Vorbei, vergessen. Nun geht die Hatz für den HSV weiter, und er wirkt tatenhungrig und austrainiert. Duvnjak schwört auf Regeneration. Und zwar auf seine Art: Er ist ein Schlaf-Liebhaber. Er lacht. "Ich schlafe immer, wenn es geht - und so viel wie möglich." Mit dieser simplen Methode bleibt Duvnjak frisch für die Saison mit Spielen im Drei-Tage-Rhythmus. Er beklagt das im Übrigen nicht. Es sei Profisport, das Geld, das im System stecke, verlange nun mal, dass die Hauptdarsteller alle drei Tage auf der Matte stünden.
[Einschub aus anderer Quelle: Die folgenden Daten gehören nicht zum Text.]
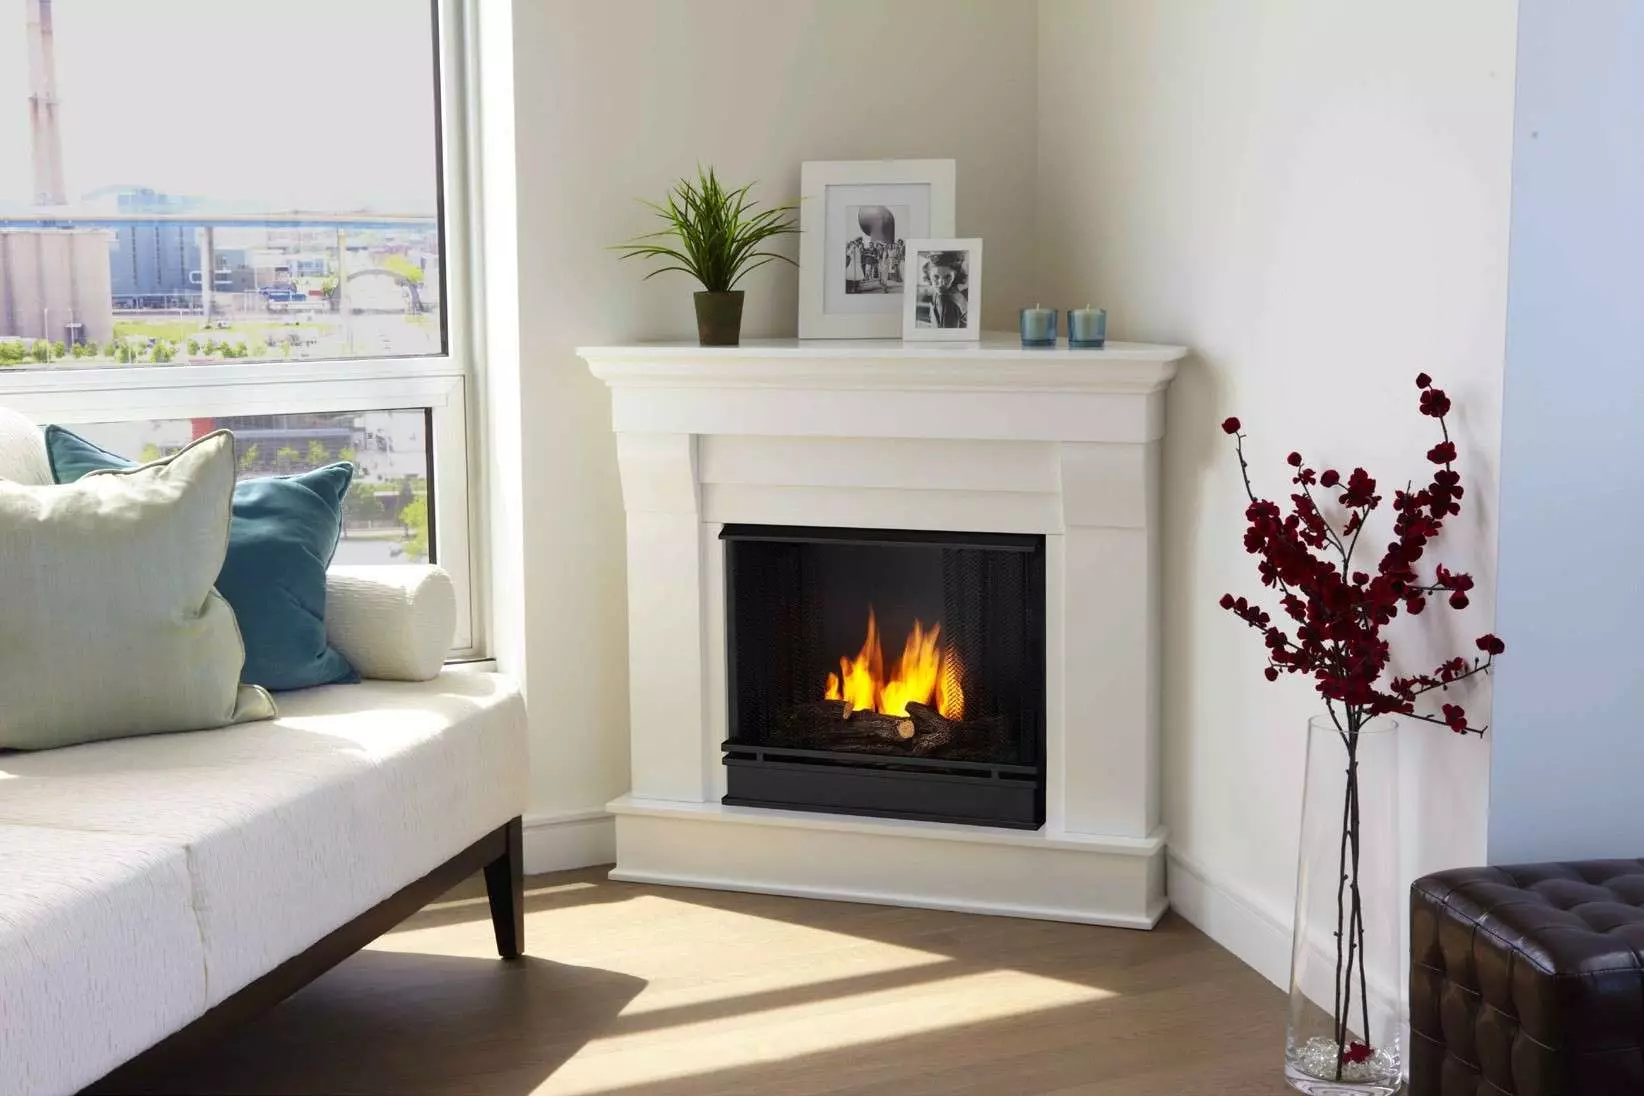 [Savings] Gypsum Carton Fireplace: Luxury inapatikana kwa kila mtu

Schlimm, ermüdend, kräftezehrend seien indes die Reisen und die immergleiche Routine aus Flug, Bus, Hotel, Halle. Duvnjak schaut meistens Filme auf dem Laptop, um die Zeit totzuschlagen.

In Dakovo - 250 Kilometer von Zagreb entfernt - aufgewachsen, blieb ihm sozusagen nichts anderes übrig, als Handball zu spielen. Vater, Mutter, Schwester, alles begeisterte Handballer. Als Sieben - jähriger begann damit auch "Dule", wie ihn alle nennen - Domagoj sagt nur die Frau Mama, wenn sie böse auf ihren Filius ist. Der Onkel war sein Trainer, die Cousins seine Vorbilder. So begann eine Karriere, die frühe Höhepunkte hatte: Schon als Jugend- und Juniorenspieler war deutlich, welch überragender Akteur Duvnjak war. Schnell, clever, im Wurf variantenreich. Nach dem Abitur setzte er dann ganz auf die Karte Profihandsball. Auf dem Gymnasium eignete er sich die Grundkenntnisse in Deutsch an, die ihm als Basis für das weitere Erlernen der Sprache in Hamburg dienten.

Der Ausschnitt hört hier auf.